Executive Summary
On the occasion of the 12th U.S. National Cyber Security Awareness Month, threat prevention comes to the forefront as something that the community has rediscovered as a security innovation. We used to do this as a matter of course, but sort of lost our way for a while. Today, smart network defenders have learned that threat prevention is inextricably linked to detection and mitigation. You should not have one without the other two.
Introduction
Twelve years ago, the Department of Homeland Security designated October as National Cyber Security Awareness Month for the United States. [1] When I noticed that this year’s installment was approaching, I began to wonder if there were any new developments in the cybersecurity community of which most people were not aware. Part of my job is to travel around the world talking to smart people about how they do security, and it has been an education these past two years. Every network defender whom I talk to does it differently, and they all have good reasons why they are different. But the one thing that is clear to me is that most do not realize that there is a quiet revolution going on right under their noses. The cybersecurity community is rediscovering the idea that threat prevention is an atomic piece of the overall defensive strategy for any organization.
A Little History
When I started in the industry some 25 years ago, all we had in our toolbox was threat prevention controls: stateful inspection firewalls, intrusion detection systems and antivirus engines to name a few. Sometime in the mid-2000s, innovative companies started selling some very good niche products that could detect adversaries once they had breached the typical threat prevention defenses that we all had deployed in our networks. Some of these new tools were very good and we started finding all kinds of bad guys in our systems.
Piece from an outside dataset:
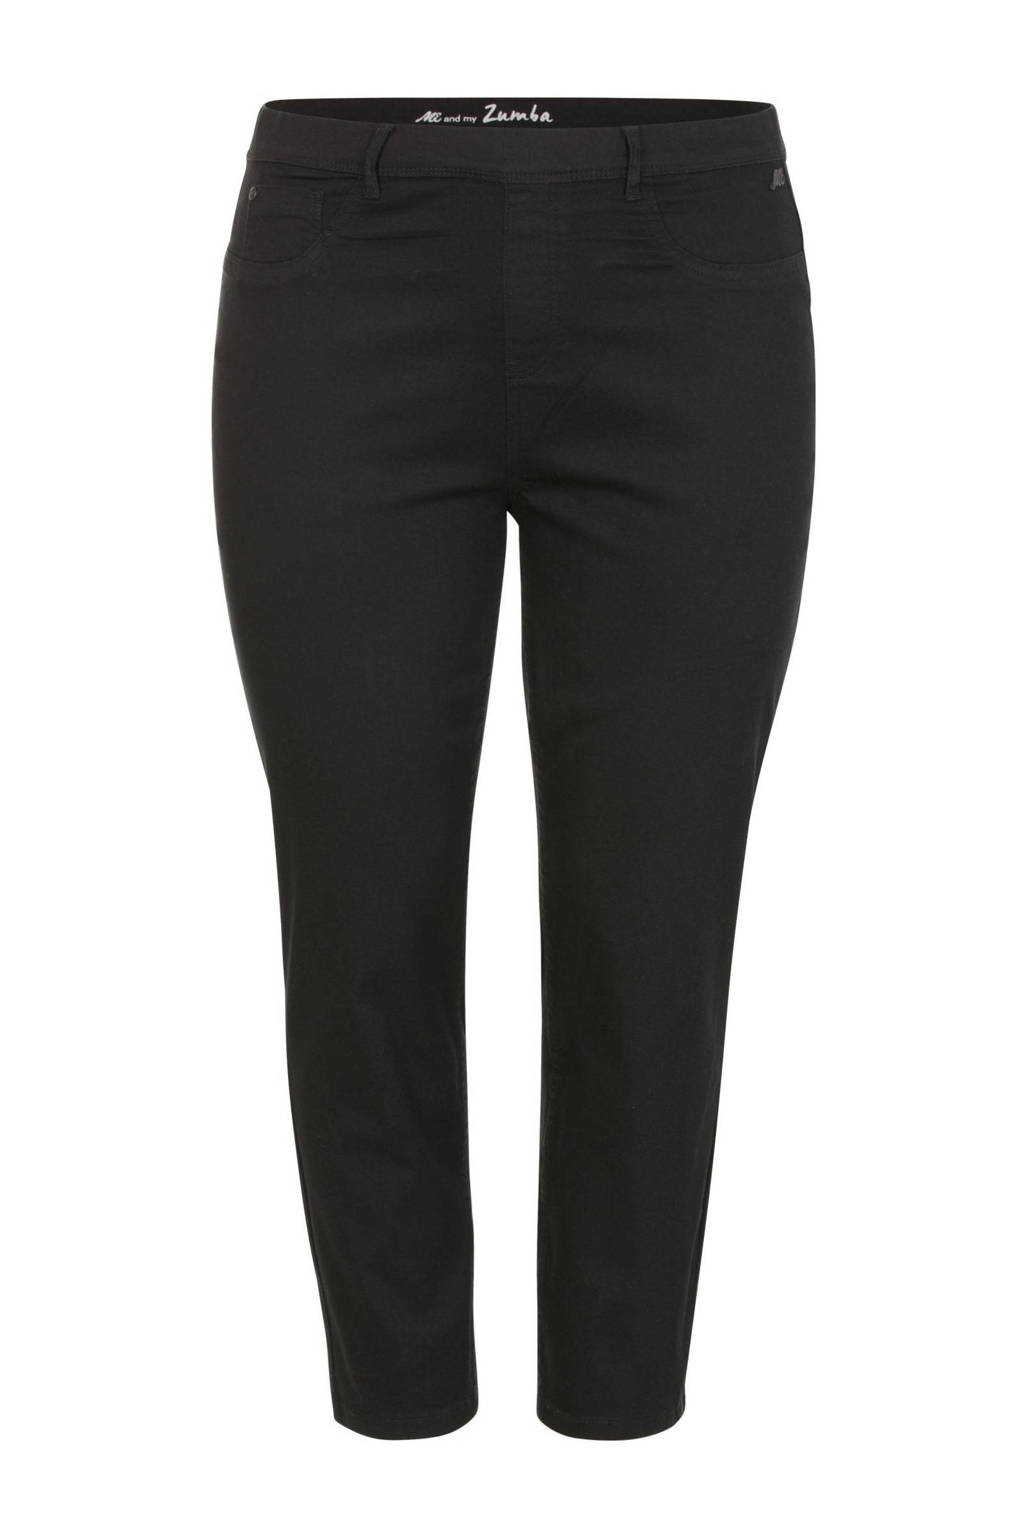 Miss Etam Plus slim fit broek zwart, Zwart

In 2010, state-sponsored cyber espionage adversaries attacked Google, and for the first time in history, a commercial company went public with the information. [2] Before the Google attacks, referred to as Operation Aurora in the press, no commercial company would dare go public with the fact that a cyber adversary had been successful in breaching their network. Common wisdom in the industry at the time was that such an admission would wreck the bottom line of the company by hurting the brand name. But with Google’s public admission and a plethora of state-passed, public breach notification laws on the books that came later [3], it seems that you can’t get through a week of cybersecurity news today without one or two companies announcing they have been breached.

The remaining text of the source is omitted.